### Input data

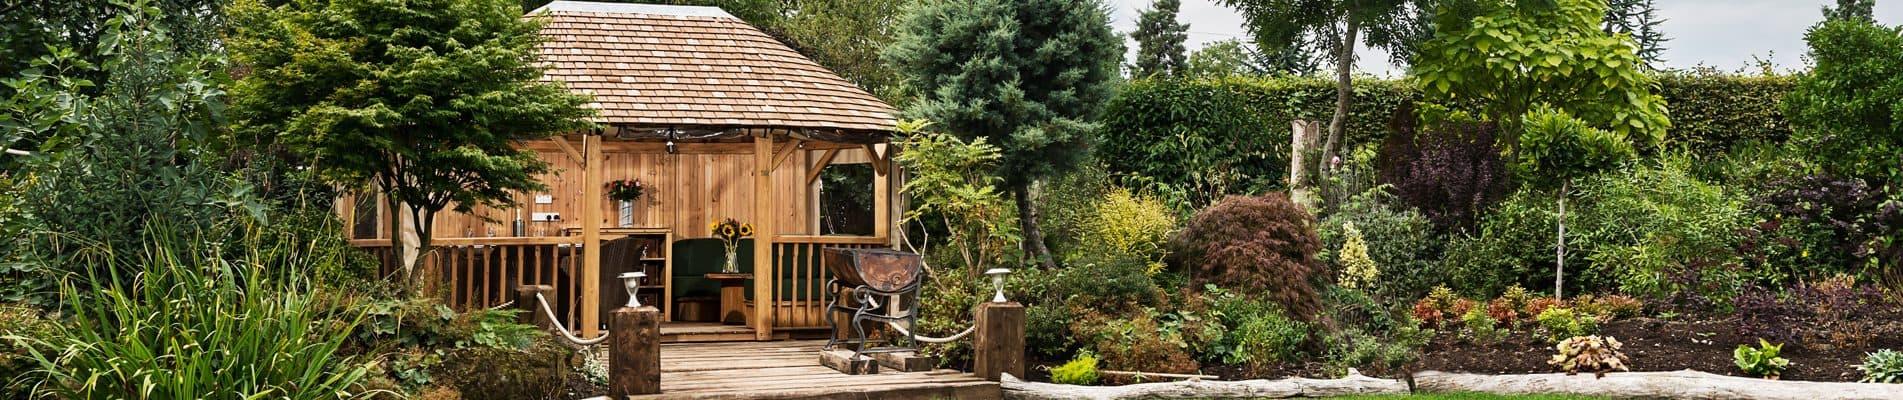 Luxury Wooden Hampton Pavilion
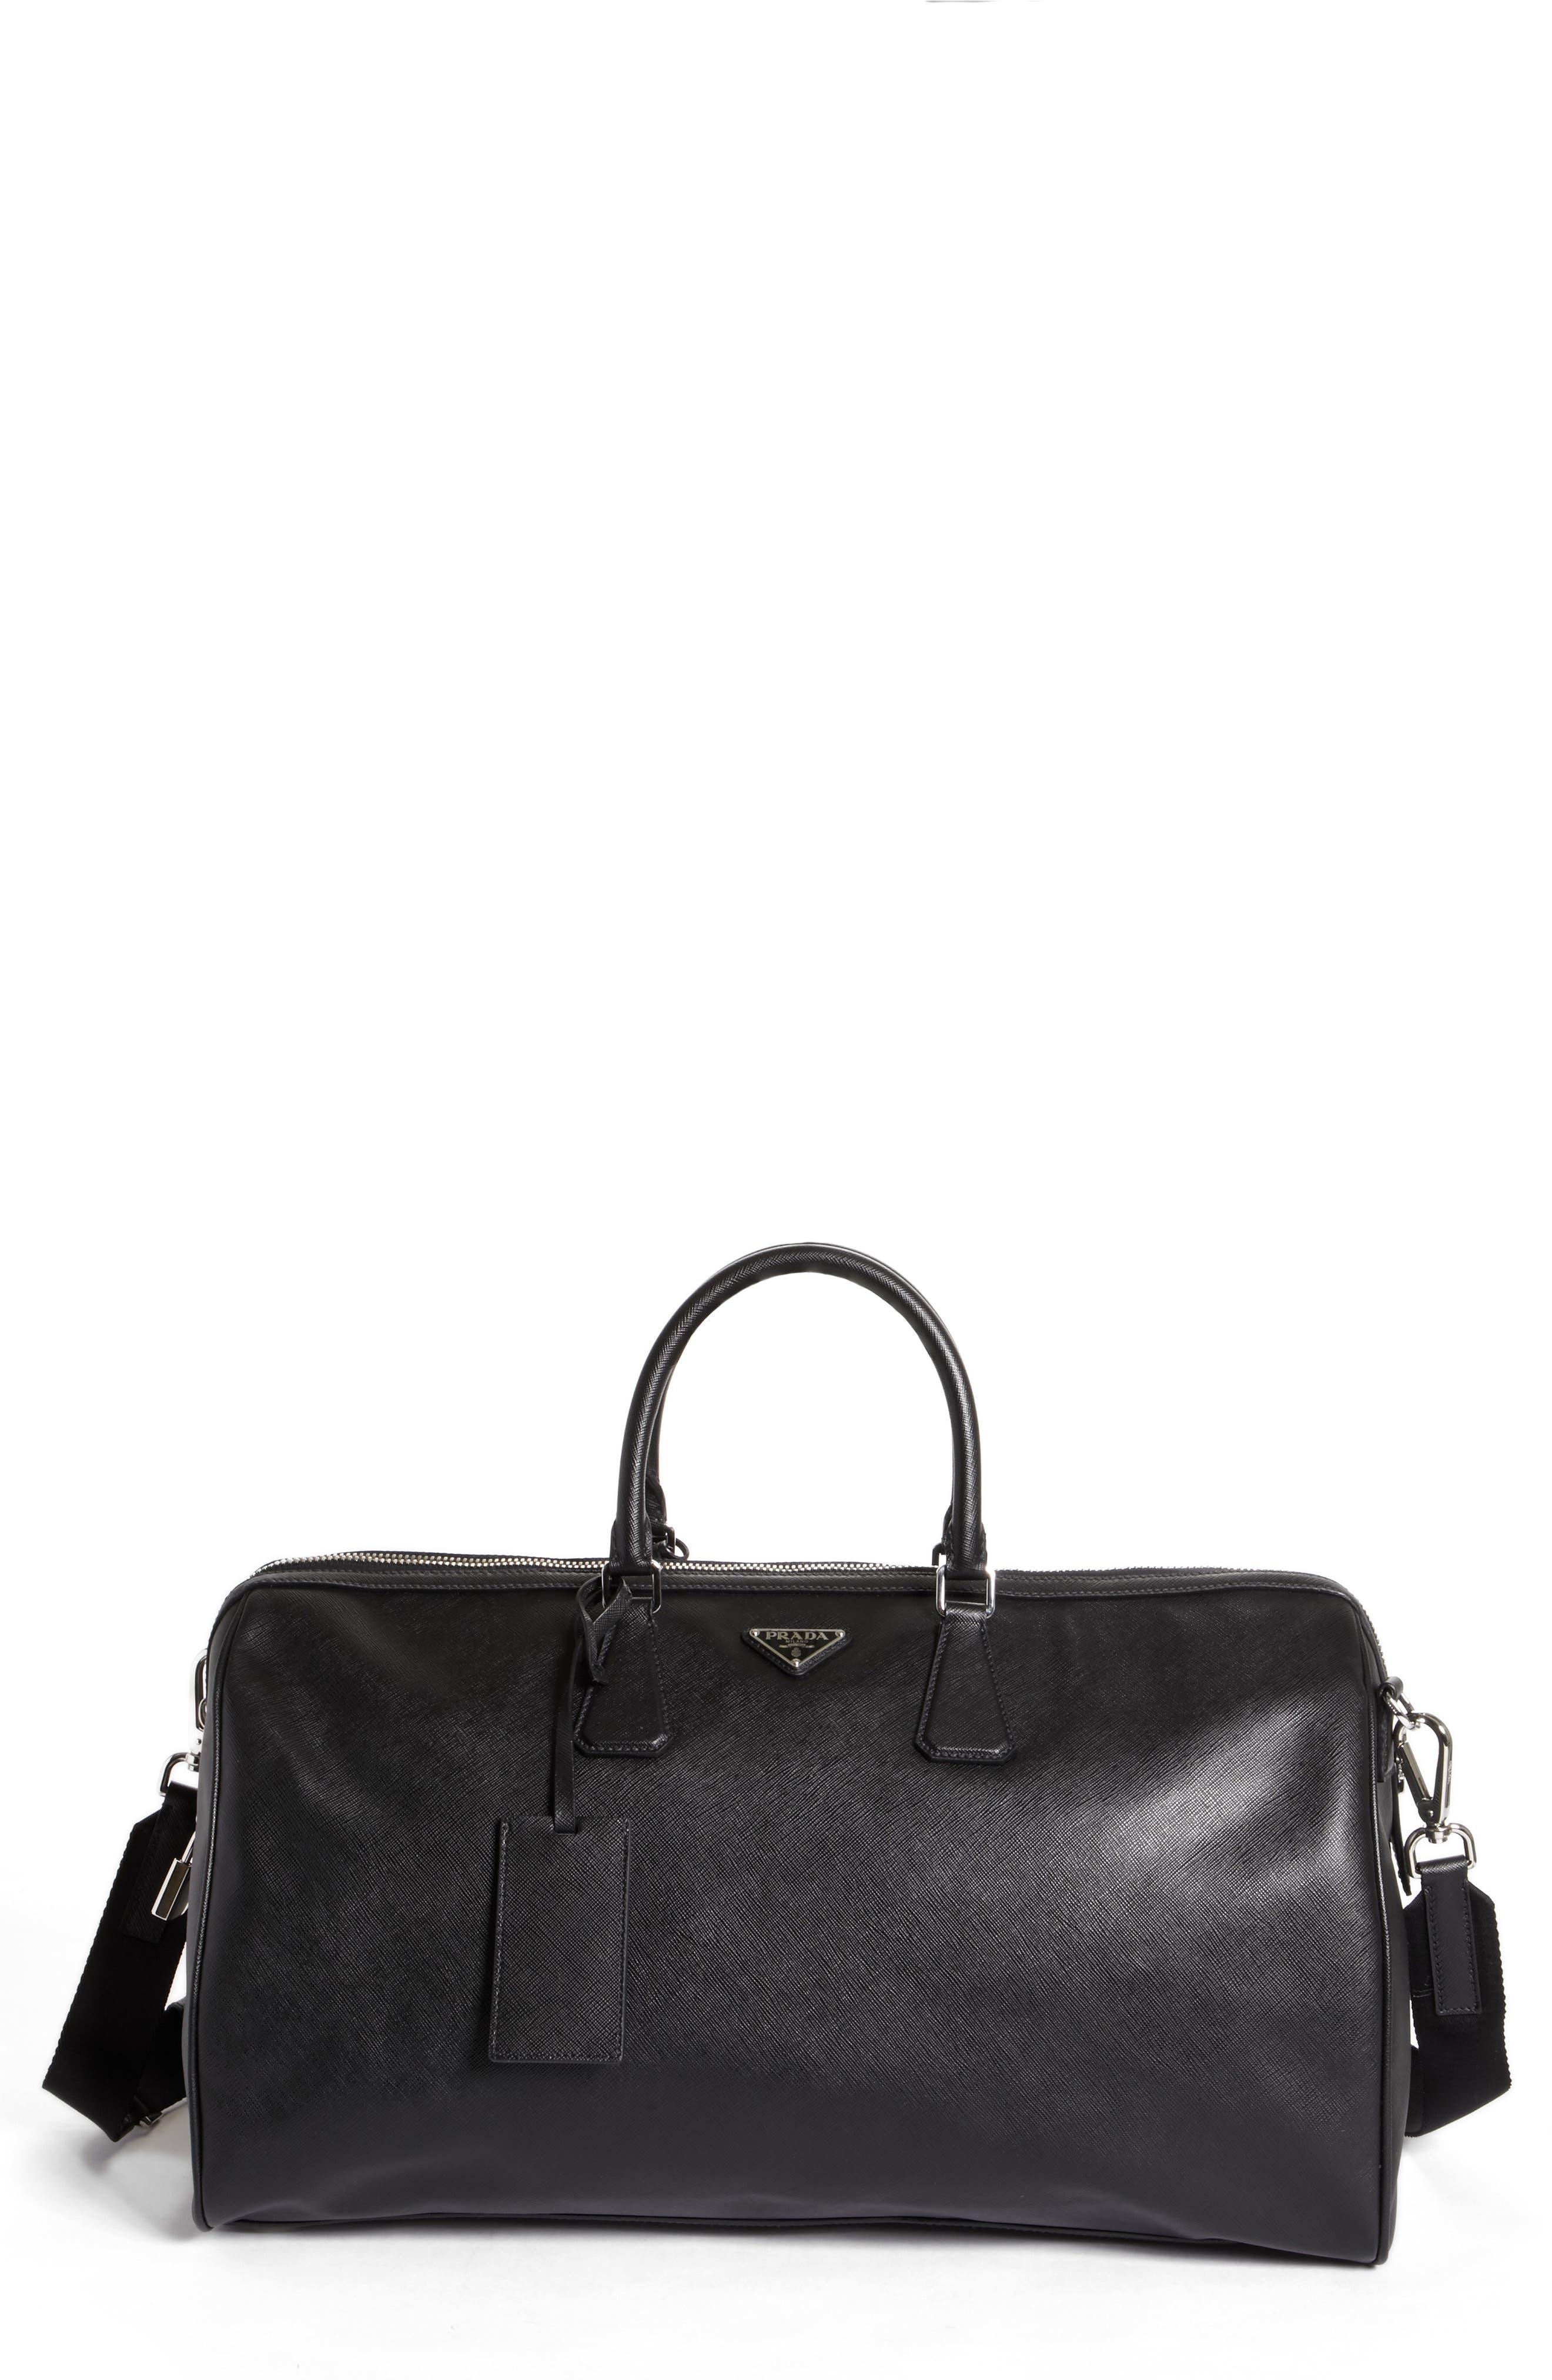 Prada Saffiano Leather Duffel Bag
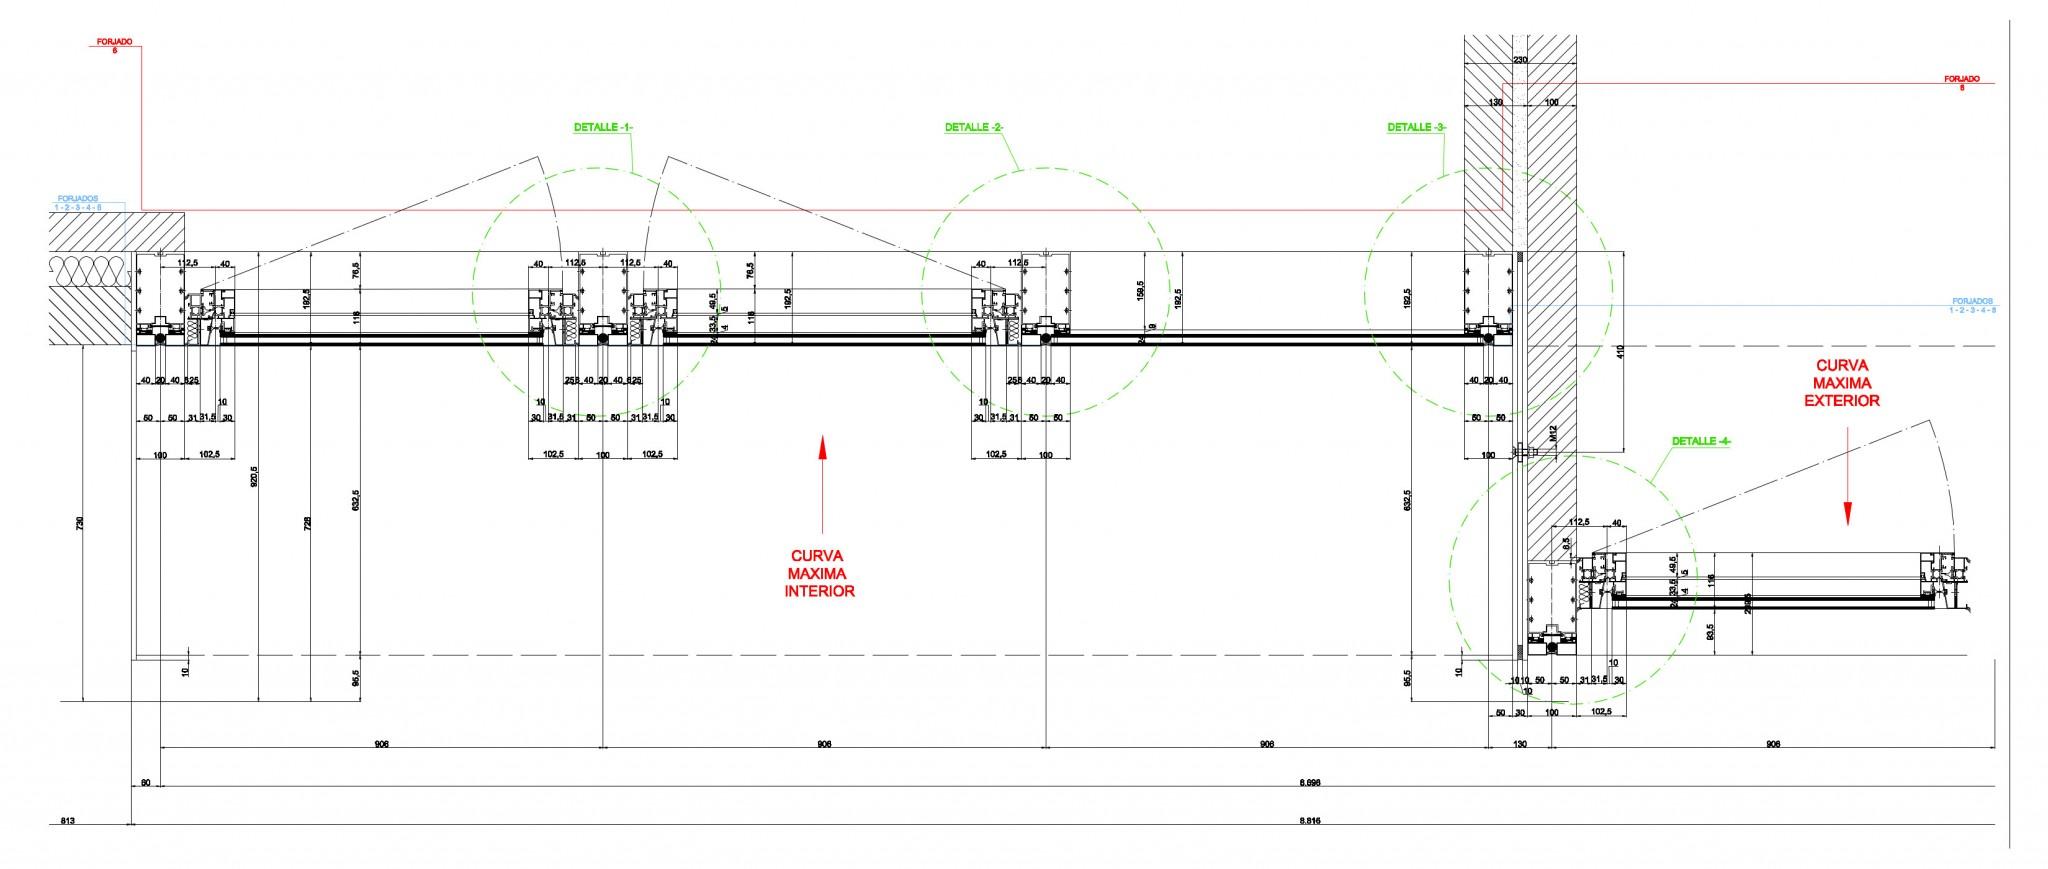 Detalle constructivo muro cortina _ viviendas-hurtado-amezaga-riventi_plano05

### Task description
Output the data verbatim, images excluded.

### Exercise result
 Luxury Wooden Hampton Pavilion
 Prada Saffiano Leather Duffel Bag
 Detalle constructivo muro cortina _ viviendas-hurtado-amezaga-riventi_plano05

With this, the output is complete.